» Information supplied:
──────

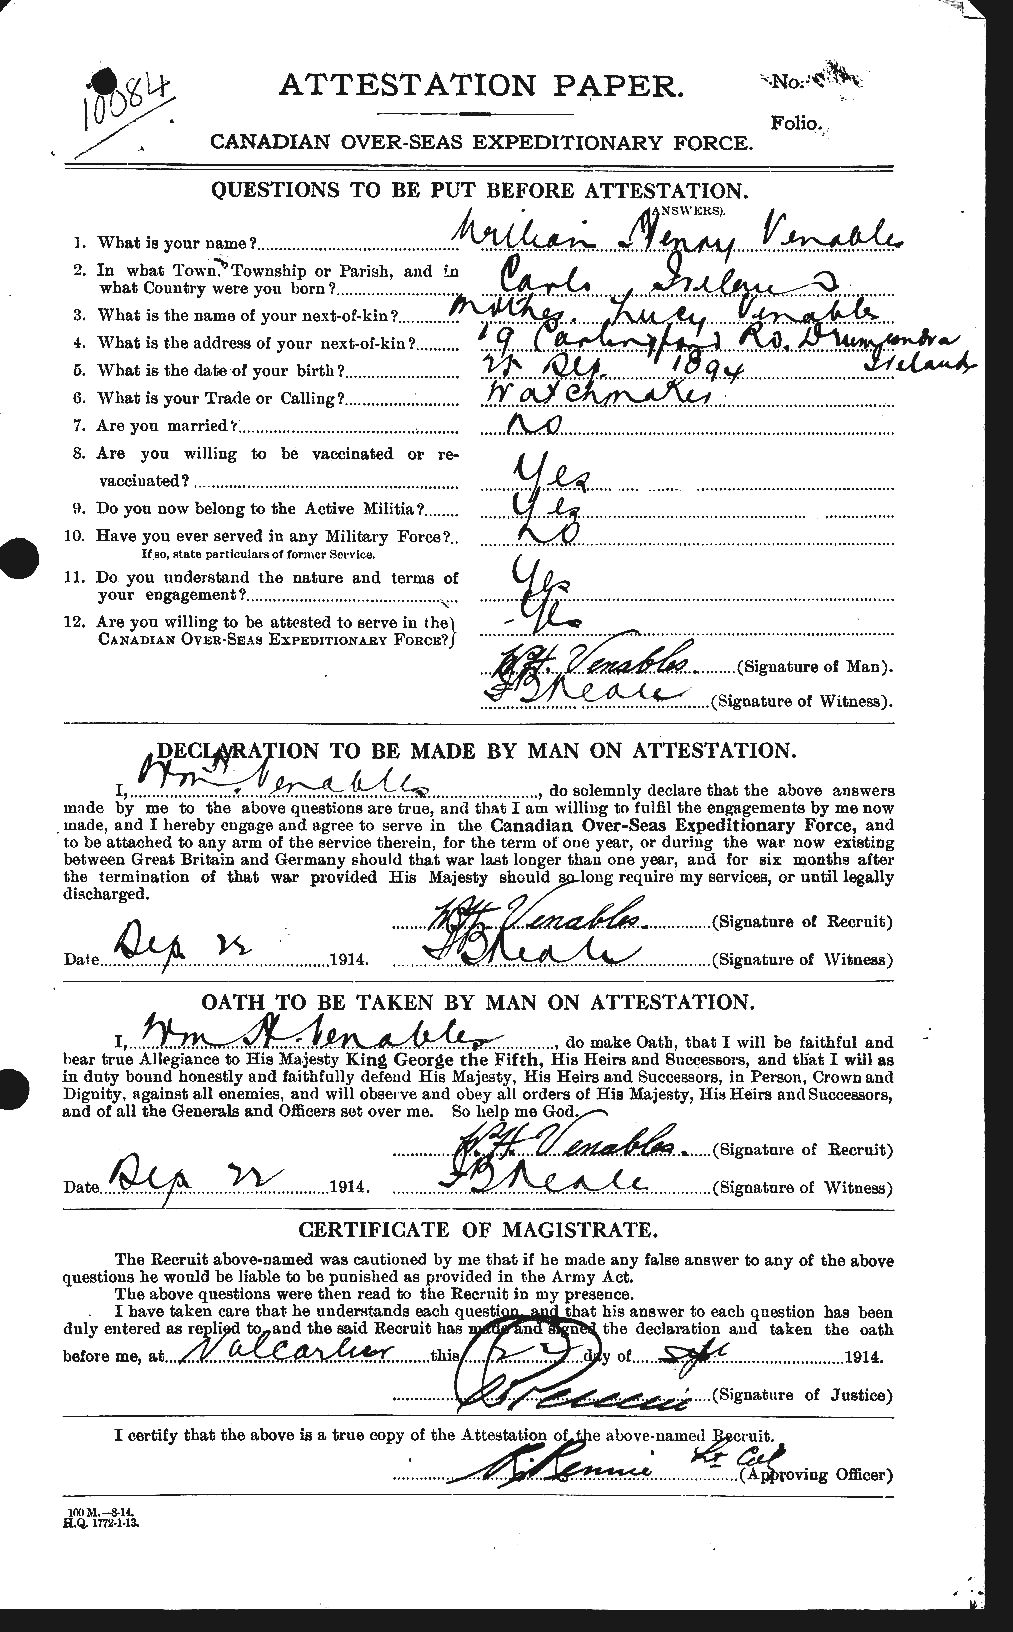 Personnel Records of the First World War - CEF 649240a
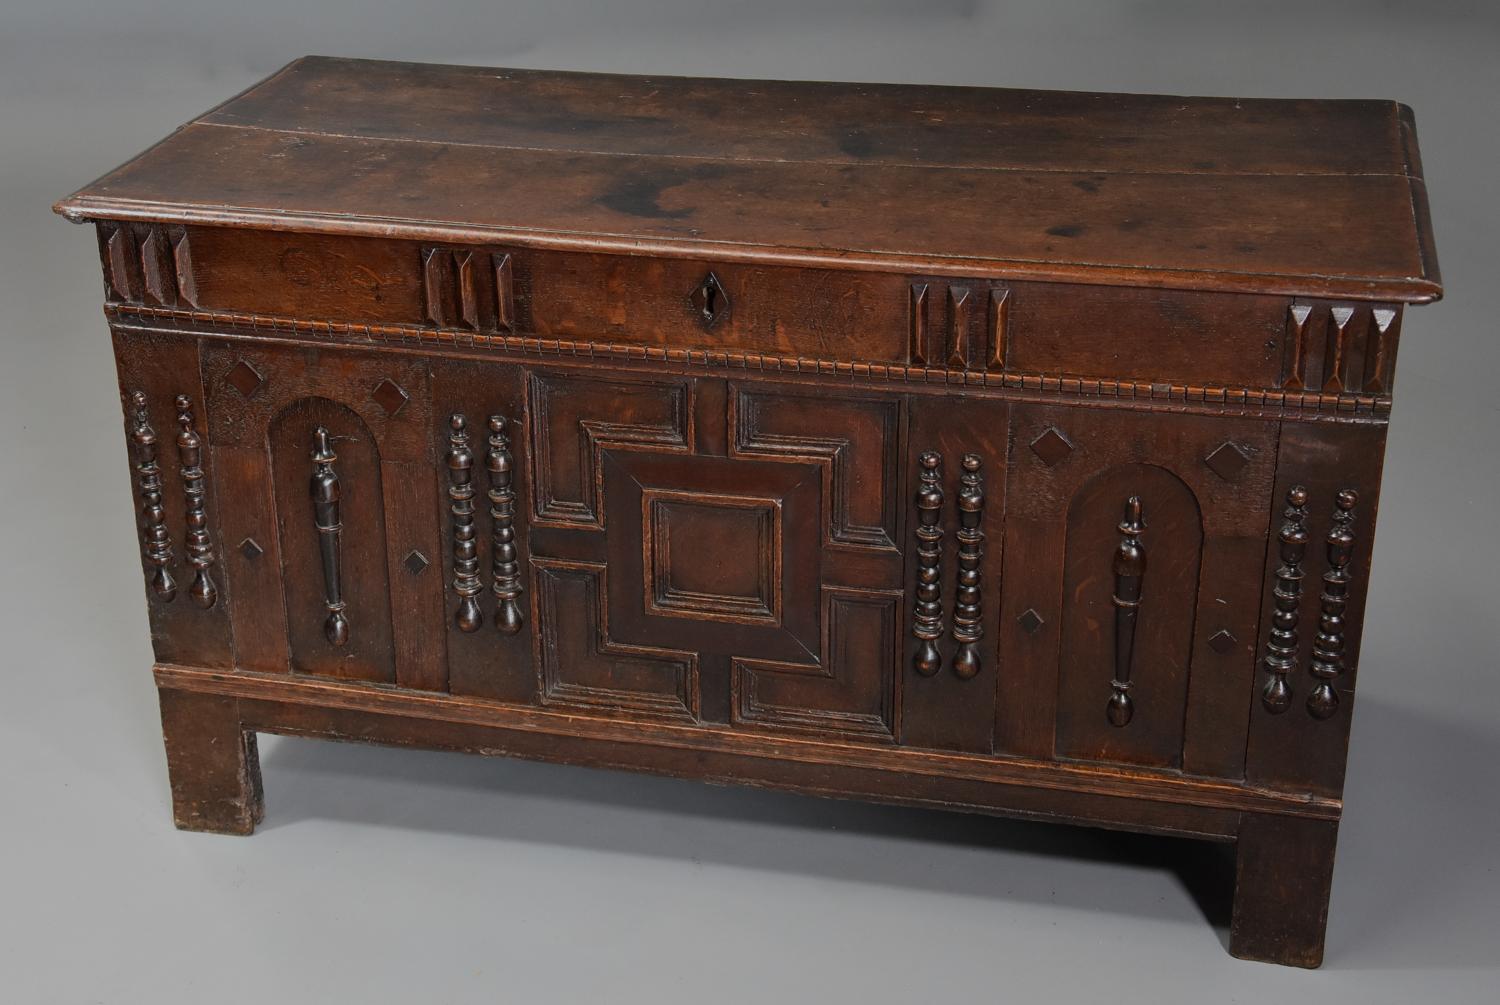 Rare mid-late 17th century oak moulded front coffer with fine patina
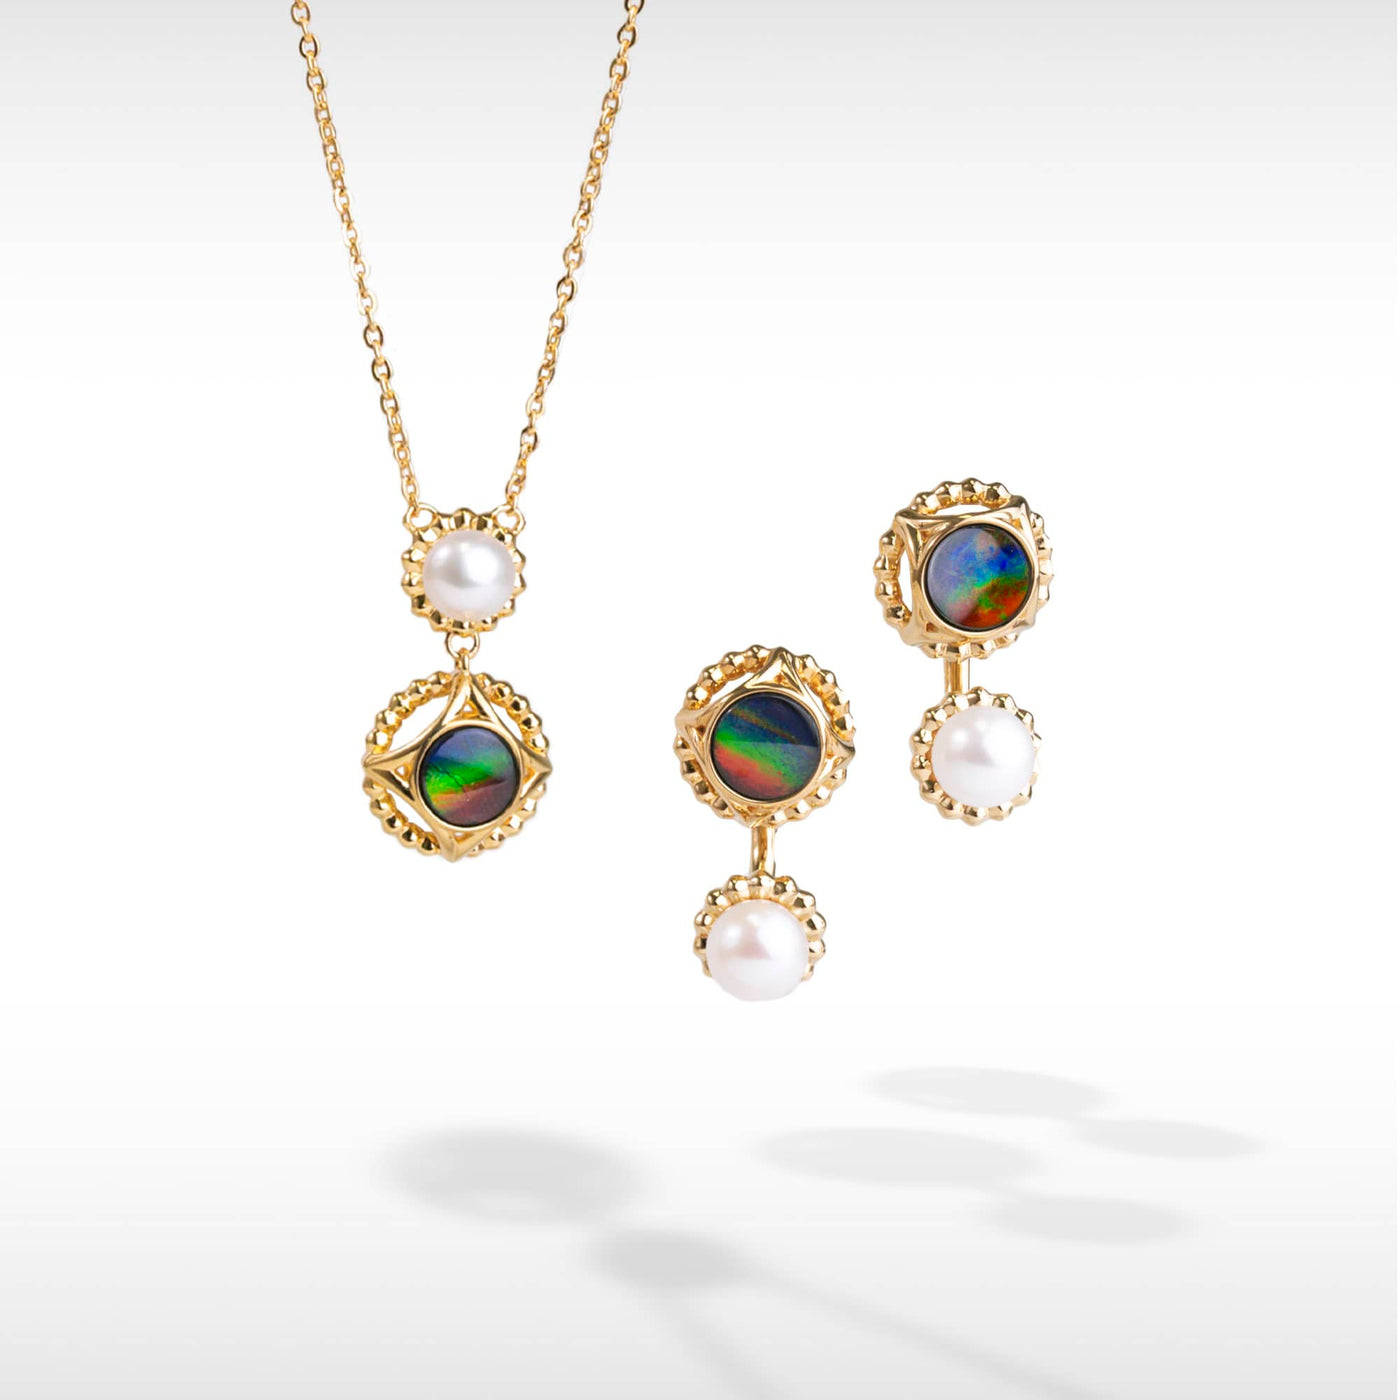 Pearl ammolite earring and pendant set in 18K gold plating

──────

» Requirement:
Copy out, unchanged, the span of lines beginning with the one that includes "Rare mid-late 17th" and running through the final line of the material above. Leave the pictures out.

» Exercise answer:
 Rare mid-late 17th century oak moulded front coffer with fine patina
 Pearl ammolite earring and pendant set in 18K gold plating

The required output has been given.